====== Data extract

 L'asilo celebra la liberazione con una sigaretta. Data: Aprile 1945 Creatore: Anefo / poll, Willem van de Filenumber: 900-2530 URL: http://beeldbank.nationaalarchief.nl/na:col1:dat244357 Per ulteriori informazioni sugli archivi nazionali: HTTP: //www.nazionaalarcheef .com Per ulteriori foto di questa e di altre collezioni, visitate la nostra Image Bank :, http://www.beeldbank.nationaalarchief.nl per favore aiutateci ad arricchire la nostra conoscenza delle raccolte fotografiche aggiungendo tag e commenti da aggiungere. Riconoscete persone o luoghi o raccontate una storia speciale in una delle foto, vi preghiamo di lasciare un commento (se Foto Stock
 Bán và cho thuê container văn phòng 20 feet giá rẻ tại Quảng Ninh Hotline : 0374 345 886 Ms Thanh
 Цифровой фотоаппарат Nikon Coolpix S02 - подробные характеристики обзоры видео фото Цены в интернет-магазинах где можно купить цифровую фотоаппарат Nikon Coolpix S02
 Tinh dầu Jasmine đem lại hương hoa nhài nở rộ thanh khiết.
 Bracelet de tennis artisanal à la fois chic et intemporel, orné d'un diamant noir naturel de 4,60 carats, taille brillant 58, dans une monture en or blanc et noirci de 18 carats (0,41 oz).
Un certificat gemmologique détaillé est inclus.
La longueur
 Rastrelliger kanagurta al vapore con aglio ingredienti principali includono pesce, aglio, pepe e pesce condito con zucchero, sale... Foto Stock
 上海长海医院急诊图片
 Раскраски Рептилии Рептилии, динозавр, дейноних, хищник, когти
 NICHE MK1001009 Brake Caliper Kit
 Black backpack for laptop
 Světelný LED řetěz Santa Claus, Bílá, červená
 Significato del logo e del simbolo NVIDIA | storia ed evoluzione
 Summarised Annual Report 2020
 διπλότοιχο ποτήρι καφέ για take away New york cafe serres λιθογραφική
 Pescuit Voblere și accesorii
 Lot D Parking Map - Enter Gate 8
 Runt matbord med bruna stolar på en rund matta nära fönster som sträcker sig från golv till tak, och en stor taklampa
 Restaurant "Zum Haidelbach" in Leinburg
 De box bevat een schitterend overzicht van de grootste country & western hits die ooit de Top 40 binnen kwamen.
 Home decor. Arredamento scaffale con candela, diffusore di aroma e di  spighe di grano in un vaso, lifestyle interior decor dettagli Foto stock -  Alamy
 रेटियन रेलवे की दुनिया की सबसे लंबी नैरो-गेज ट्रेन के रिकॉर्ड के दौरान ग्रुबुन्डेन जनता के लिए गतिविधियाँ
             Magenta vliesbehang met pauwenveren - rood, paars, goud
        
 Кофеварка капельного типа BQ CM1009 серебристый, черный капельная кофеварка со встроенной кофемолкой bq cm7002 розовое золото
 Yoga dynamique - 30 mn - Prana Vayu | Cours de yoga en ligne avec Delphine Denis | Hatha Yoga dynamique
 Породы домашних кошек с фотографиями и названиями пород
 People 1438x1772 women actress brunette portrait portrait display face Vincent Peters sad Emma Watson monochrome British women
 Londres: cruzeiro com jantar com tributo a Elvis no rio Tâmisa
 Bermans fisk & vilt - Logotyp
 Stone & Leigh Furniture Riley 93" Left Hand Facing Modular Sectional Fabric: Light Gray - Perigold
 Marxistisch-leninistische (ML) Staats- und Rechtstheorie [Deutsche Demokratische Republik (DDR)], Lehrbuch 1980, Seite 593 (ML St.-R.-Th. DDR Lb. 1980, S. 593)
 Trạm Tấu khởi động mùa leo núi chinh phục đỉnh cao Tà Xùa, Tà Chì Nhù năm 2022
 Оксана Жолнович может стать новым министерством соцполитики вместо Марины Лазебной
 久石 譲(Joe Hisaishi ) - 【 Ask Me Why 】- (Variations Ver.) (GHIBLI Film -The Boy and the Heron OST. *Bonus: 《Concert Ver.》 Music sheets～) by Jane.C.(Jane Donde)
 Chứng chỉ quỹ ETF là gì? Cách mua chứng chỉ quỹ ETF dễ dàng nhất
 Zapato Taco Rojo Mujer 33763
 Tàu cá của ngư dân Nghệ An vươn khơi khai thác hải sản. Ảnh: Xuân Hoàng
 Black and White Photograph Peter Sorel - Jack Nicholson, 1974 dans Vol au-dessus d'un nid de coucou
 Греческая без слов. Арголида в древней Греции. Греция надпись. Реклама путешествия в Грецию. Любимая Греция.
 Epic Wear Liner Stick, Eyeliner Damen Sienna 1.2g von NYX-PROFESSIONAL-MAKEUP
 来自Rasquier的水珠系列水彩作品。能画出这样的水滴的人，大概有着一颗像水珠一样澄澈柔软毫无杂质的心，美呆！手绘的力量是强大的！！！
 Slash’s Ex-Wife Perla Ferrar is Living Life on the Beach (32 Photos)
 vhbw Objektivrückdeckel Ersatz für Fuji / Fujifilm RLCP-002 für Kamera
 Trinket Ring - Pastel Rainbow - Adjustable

============

### Task to carry out:
Determine how many of the lines above hold the word "dans", and output that number by itself.

### Output for this task:
2